→ **What you need to do**: Return the data below exactly as given, except for the images.

→ **Data below**:
BEGIN

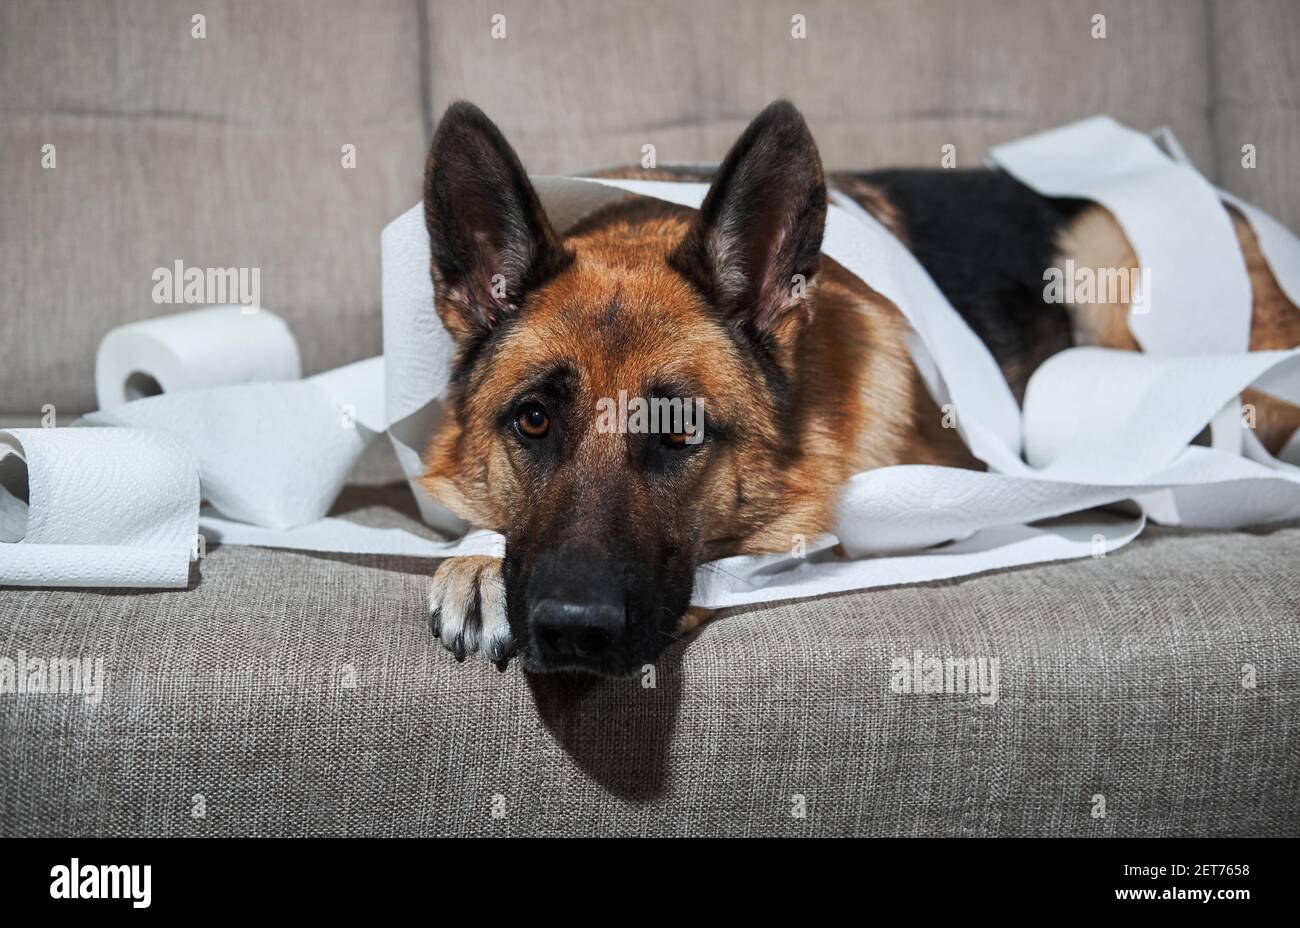 Le Berger allemand est couché sur un canapé gris enveloppé de papier  toilette. Le chien s'est peu lassé lorsqu'il est laissé seul à la maison et  a mangé plusieurs rouleaux de papier
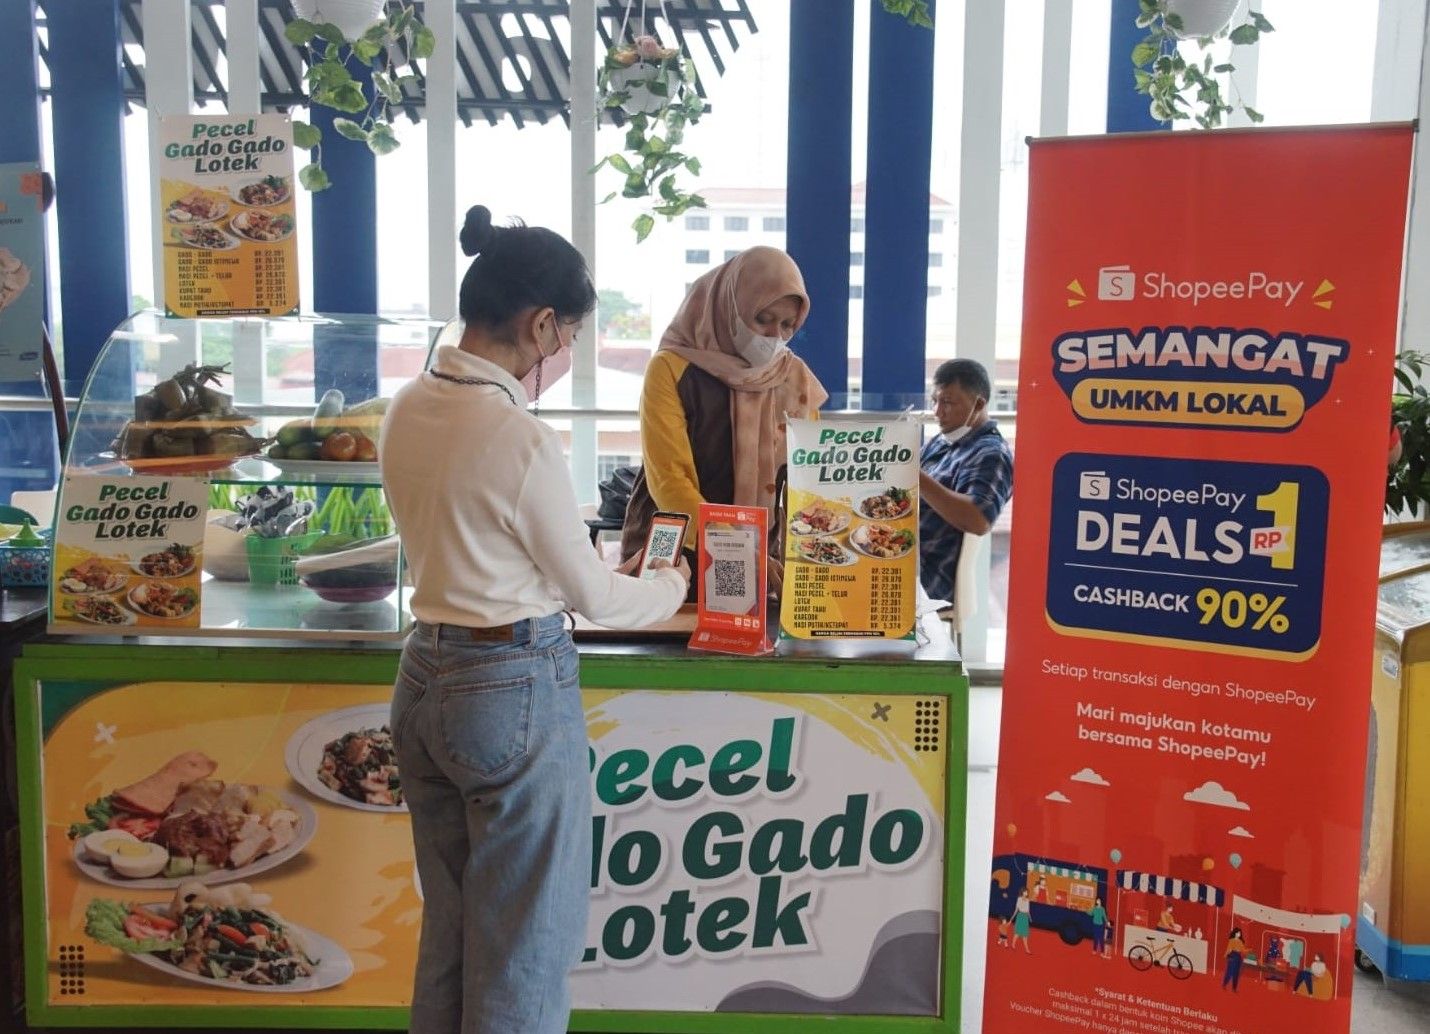 Seorang pengunjung sedang melakukan transaksi menggunakan ShopeePay sembari menikmati promo Cashback 90% di sentra kuliner Taste Food Malioboro
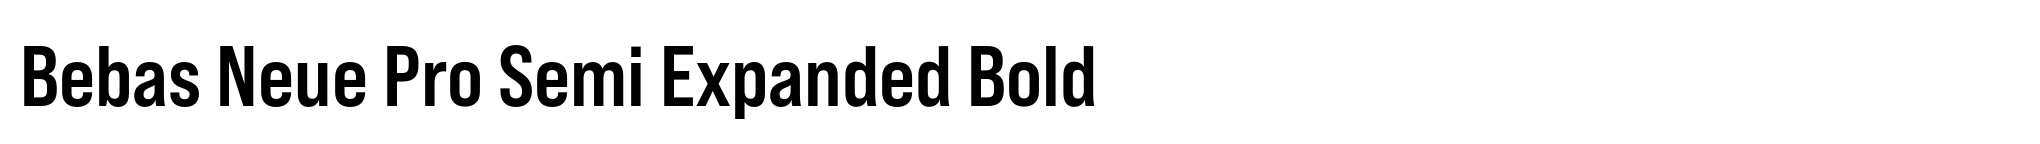 Bebas Neue Pro Semi Expanded Bold image

END

→ **Your solution**:
 Le Berger allemand est couché sur un canapé gris enveloppé de papier  toilette. Le chien s'est peu lassé lorsqu'il est laissé seul à la maison et  a mangé plusieurs rouleaux de papier
 Seorang pengunjung sedang melakukan transaksi menggunakan ShopeePay sembari menikmati promo Cashback 90% di sentra kuliner Taste Food Malioboro
 Bebas Neue Pro Semi Expanded Bold image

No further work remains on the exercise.